Boone's in brandy snifters. Them kids is klassy!
We open to a scene of hideous music (New Kids? 98 Degrees? No wait - Menudo?) while wine is being poured into what looked like brandy snifters. Henry and Betty are toasting each other over dinner at his place. Gee, what could possibly go wrong now that Charlie's staying until the kid is born. And the timeframe on this kid gets less believable each week.
They toast to making the most of the time they have left together. It's like they're sitting Shiva on their relationship! Oh, and guess who walks on in? And they call it, Char-lie. "Uh oh. Am I too early?" Yes, beyotch, because apparently you left 15 minutes ago and Henry and Betty weren't eating Micky D's. Why does Betty's wine look like strawberry Boone's? Henry really does know how to treat a girl right. Or at least get her "fired up" before a night of quarter beers (junior year roommate flashback).
"I swear I stayed out as long as I could," she says.
"Really? Because you only left 15 minutes ago," Henry said.

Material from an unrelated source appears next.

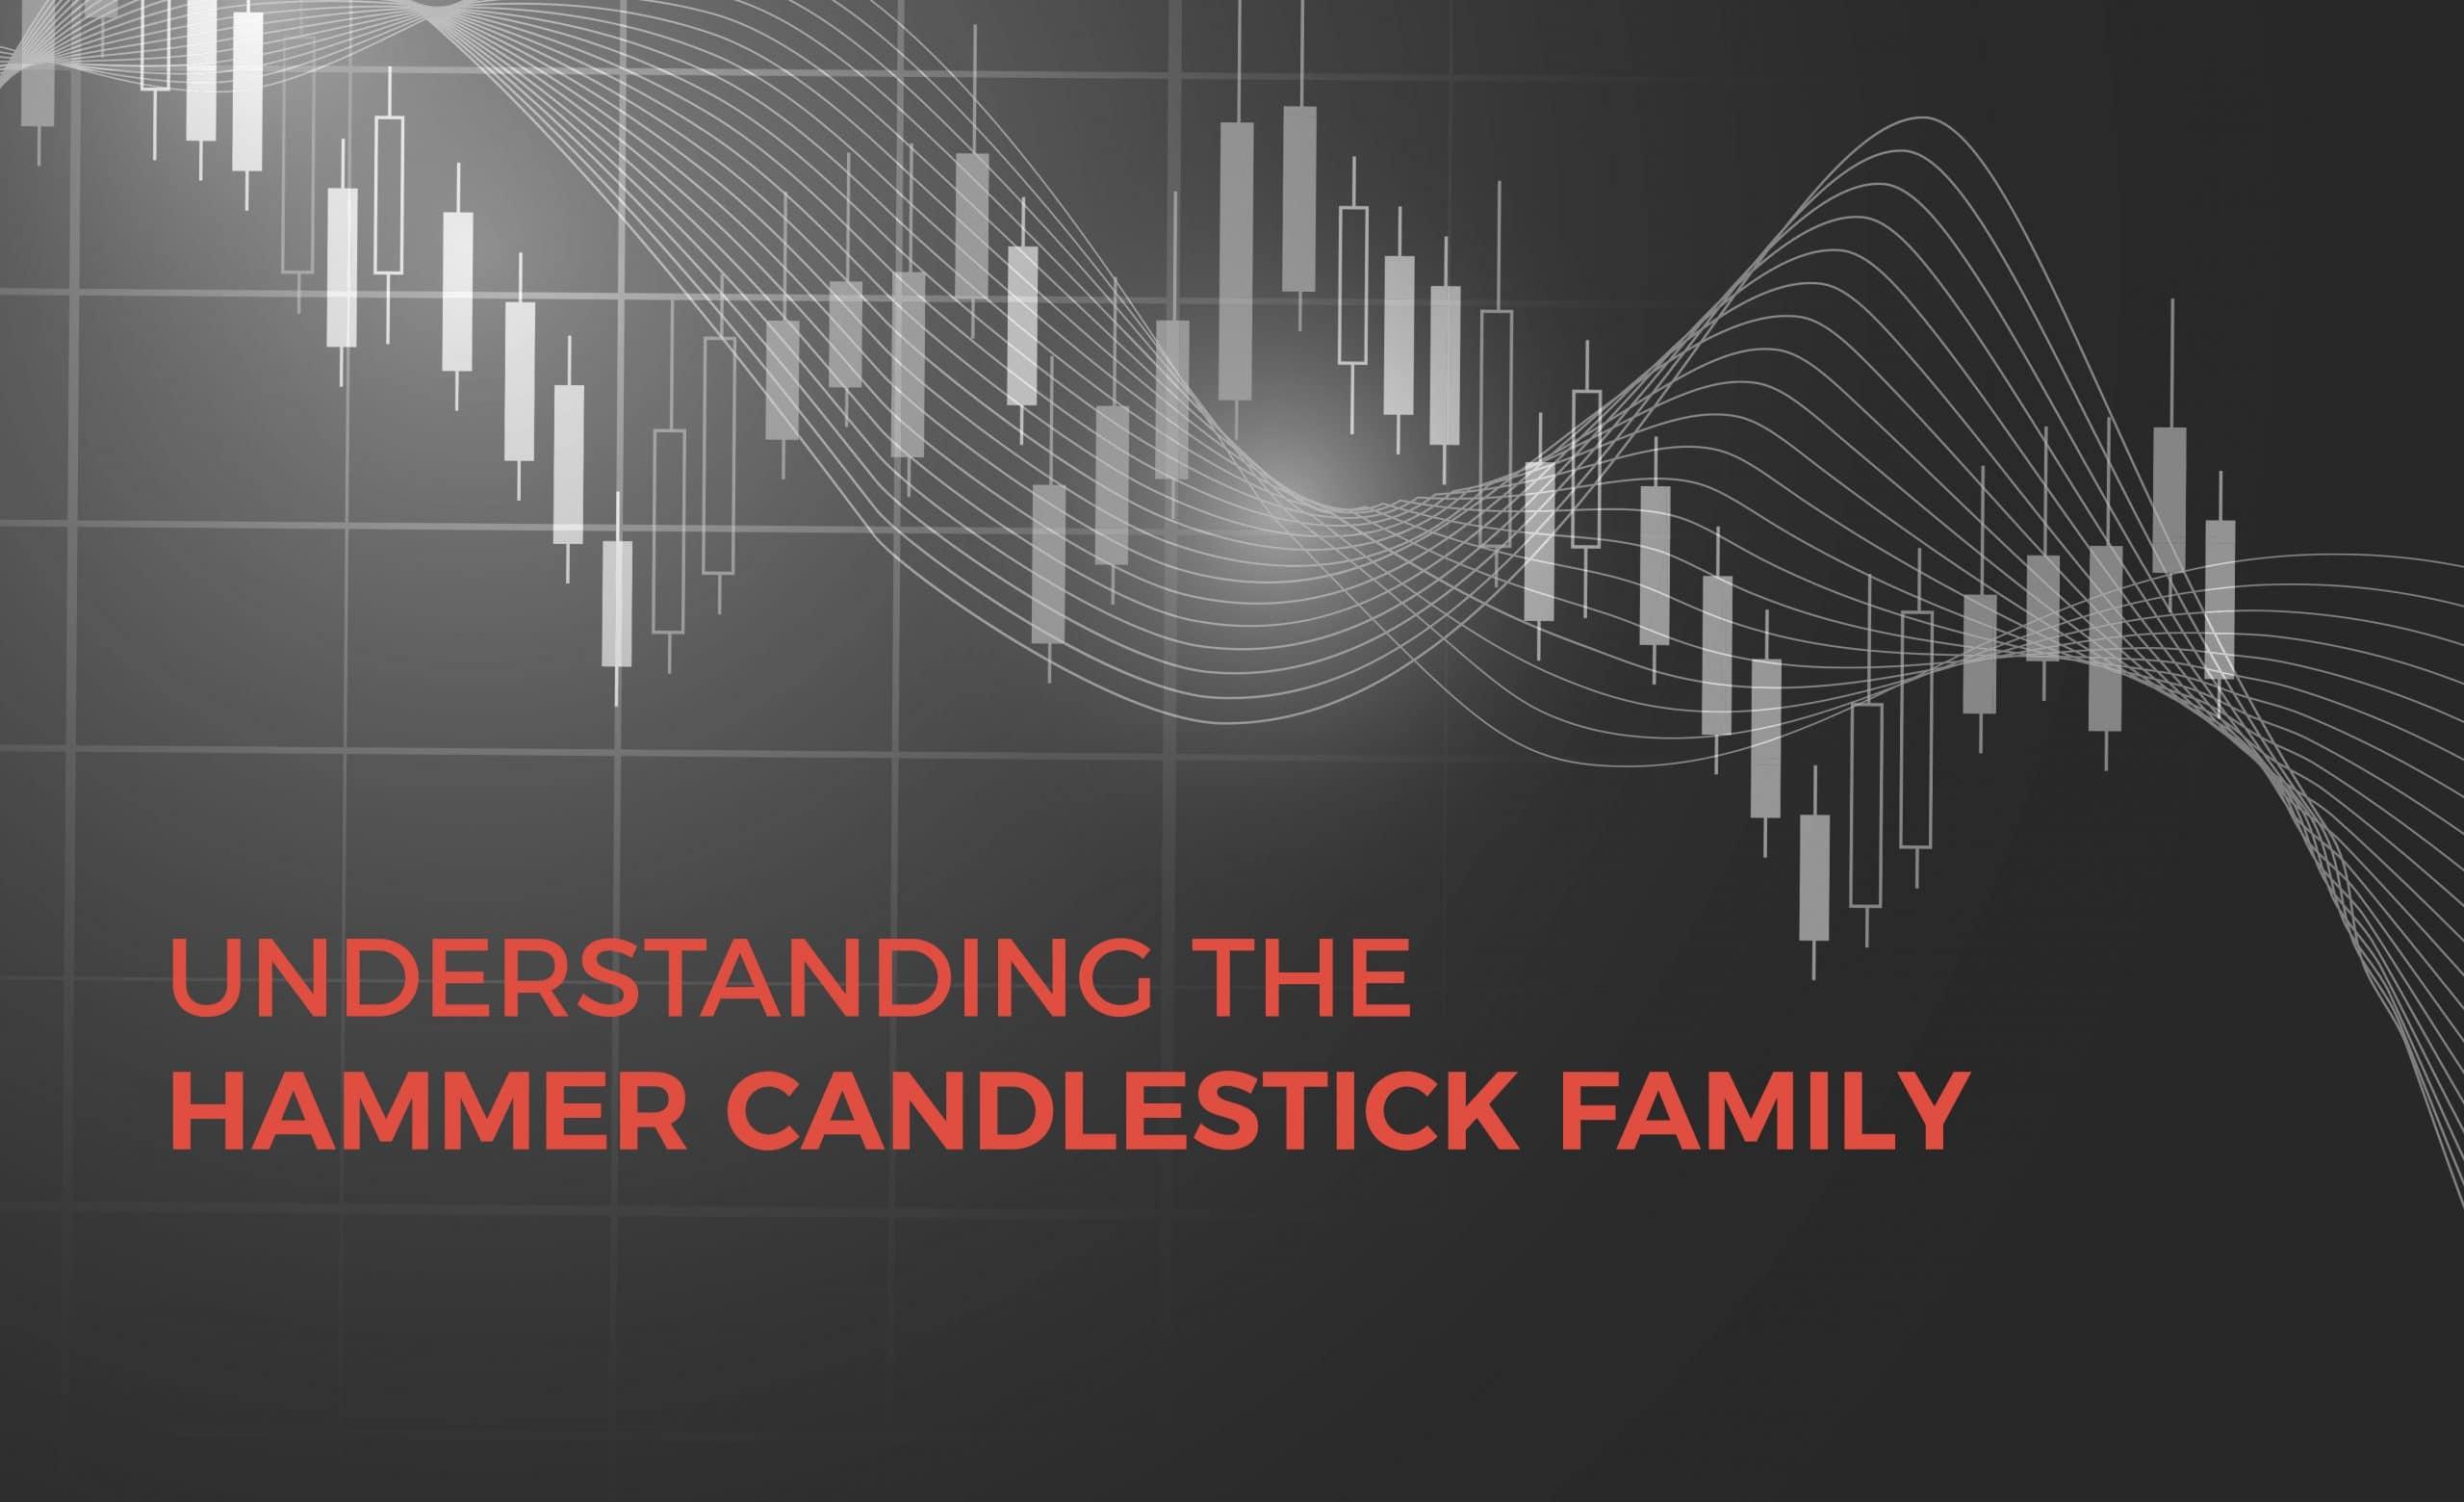 Understanding the Hammer Candlestick Family

"Oh, I had no idea. I can't wear a watch because my arms are so bloated from carrying your child." See, this is where Betty should have packed it in, and ABC should have moved right into Grey's Anatomy, A Very Whiney Episode, starring Amy Madigan Who Has Not Aged Well. Any woman with any self-respect would have been like, "dude, this game is over!" But not martyr Betty. And kids, this episode just gets worse on the self-respect level from here. Let's begin our judgment!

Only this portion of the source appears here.